不同版本的offset存储位置
1、0-8 ReceiverAPI offset默认存储在:Zookeeper中
2、0-8 DirectAPI offset默认存储在:CheckPoint
3、0-10 DirectAPI offset默认存储在:_consumer_offsets系统主题
手动维护:MySQL等有事务的存储系统
需求
通过SparkStreaming从Kafka读取数据,并将读取过来的数据做简单计算,最终打印到控制台。
依赖导入
创建maven工程,并导入依赖
<?xml version="1.0" encoding="UTF-8"?>
<project xmlns="http://maven.apache.org/POM/4.0.0"
xmlns:xsi="http://www.w3.org/2001/XMLSchema-instance"

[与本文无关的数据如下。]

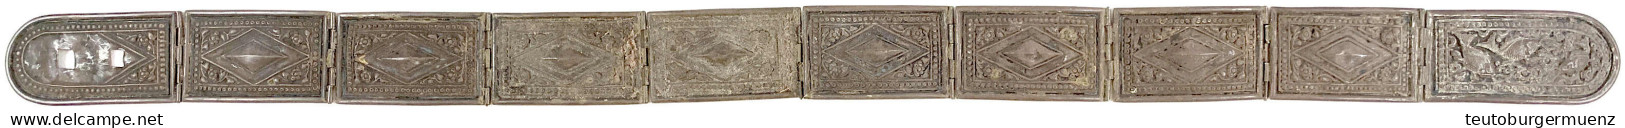 Silbergürtel Um 1900 Mit Fisch- Und Rauten-Ornamentik. Gürtelbreite 4,1 Cm, Gesamtlänge 71 Cm. 184,77 G. Aus Kuching. Se - Malaysie

xsi:schemaLocation="http://maven.apache.org/POM/4.0.0 http://maven.apache.org/xsd/maven-4.0.0.xsd">
<modelVersion>4.0.0</modelVersion>
<groupId>com.lqs</groupId>
<artifactId>SparkStreaming</artifactId>
<version>1.0-SNAPSHOT</version>
<properties>
<maven.compiler.source>8</maven.compiler.source>
<maven.compiler.target>8</maven.compiler.target>
</properties>
<dependencies>
<dependency>
<groupId>org.apache.spark</groupId>
<artifactId>spark-streaming_2.12</artifactId>
<version>3.0.0</version>
</dependency>
<dependency>
<groupId>org.apache.spark</groupId>
<artifactId>spark-core_2.12</artifactId>
<version>3.0.0</version>
</dependency>
<dependency>
<groupId>org.apache.spark</groupId>
<artifactId>spark-streaming-kafka-0-10_2.12</artifactId>
<version>3.0.0</version>
</dependency>
</dependencies>
</project>
编写代码
package com.lqs.sparkstreaming
import org.apache.kafka.clients.consumer.{ConsumerConfig, ConsumerRecord}
import org.apache.kafka.common.serialization.StringDeserializer
import org.apache.spark.SparkConf
import org.apache.spark.streaming.dstream.{DStream, InputDStream}
import org.apache.spark.streaming.kafka010.{ConsumerStrategies, KafkaUtils, LocationStrategies}
import org.apache.spark.streaming.{Seconds, StreamingContext}
/**
* @Author lqs
* @Date 2022年02月18日 11:21:05
* @Version 1.0.0
* @ClassName Qs04_directAuto
* @Describe Kafka 0-10 Direct模式
* 需求:
* 通过SparkStreaming从Kafka读取数据,并将读取过来的数据做简单计算,最终打印到控制台。
*/
object Qs04_directAuto {
def main(args: Array[String]): Unit = {
//TODO 1、初始化SparkStreaming配置信息
val conf: SparkConf = new SparkConf().setMaster("local[*]").setAppName("SparkStreamin")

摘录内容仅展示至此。